MediaGraph: A Network Theoretic Framework to Analyze Reporting Preferences in Indian News Media
Aditya Bali, Rupsha, Vidur Kaushik, Anirban Sen

TL;DR
MediaGraph introduces a network-based framework to analyze Indian news media's reporting preferences by examining entity co-occurrence networks, revealing biases and consistency in coverage across different outlets.
Contribution
The paper presents a novel network-theoretic approach with a new link predictability metric to analyze media reporting patterns beyond textual analysis.
Findings
Significant differences in reporting preferences across news sources.
Consistent under-representation of farmer leaders in coverage.

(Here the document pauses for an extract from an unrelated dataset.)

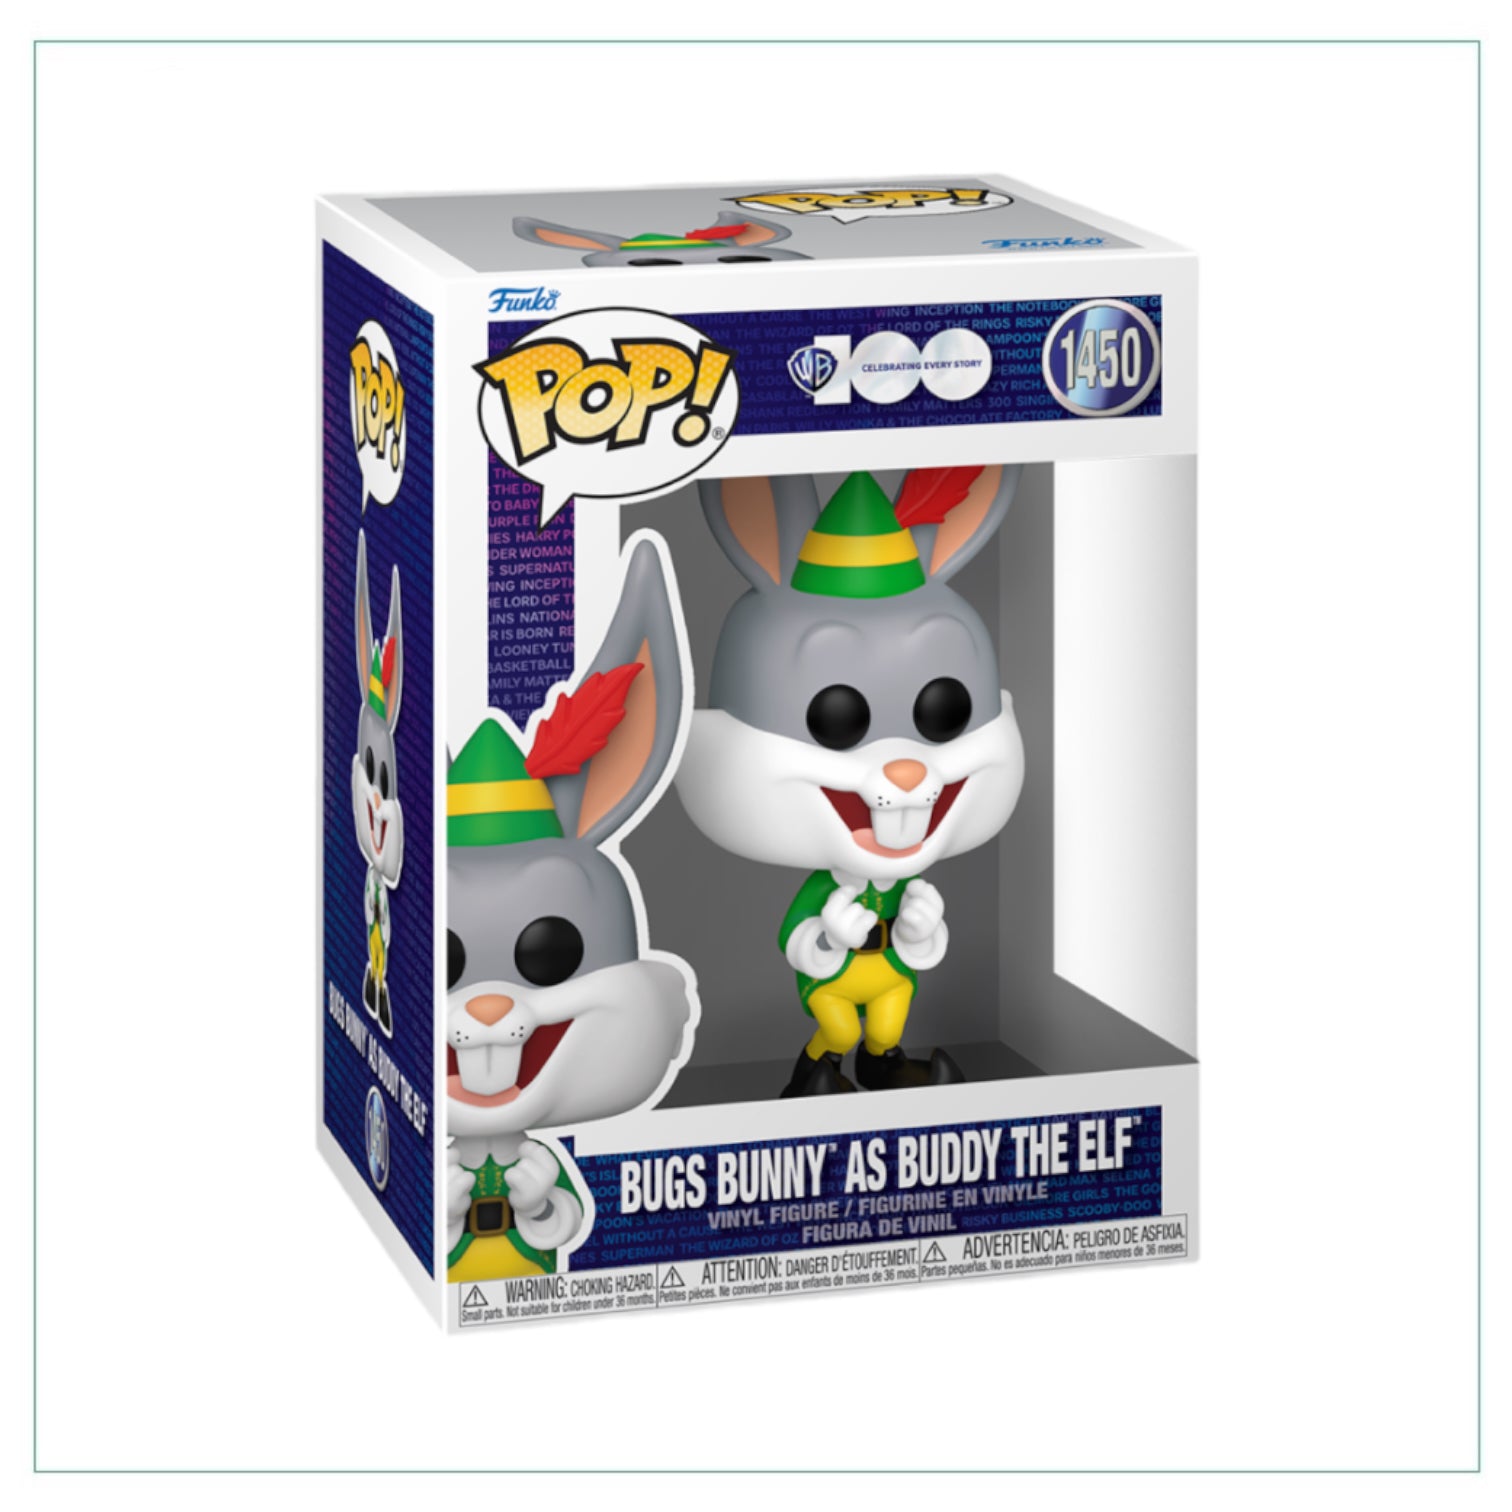 Bugs Bunny as Buddy the Elf #1450 Funko Pop! - WB 100

Link predictability effectively measures entity association stability.
Abstract
We present MediaGraph, a network-theoretic framework for analyzing reporting preferences in news media through entity co-occurrence networks. Using articles from four Indian news-sources, two mainstream (The Times of India and The Indian Express) and two fringe outlets (dna and firstpost), we construct source-specific co-occurrence networks around the 2020-21 and 2024 Farmers Protests. We analyze these networks along three network theoretic axes of centrality, community structure, and co-occurrence link predictability. The link predictability metric is a novel metric proposed that quantifies the consistency of entity associations over time using a GraphSAGE-based model. Our results reveal significant differences in reporting preferences across sources for the same event, and a consistent under-representation of farmer leaders across sources. By shifting the focus from textual signals to…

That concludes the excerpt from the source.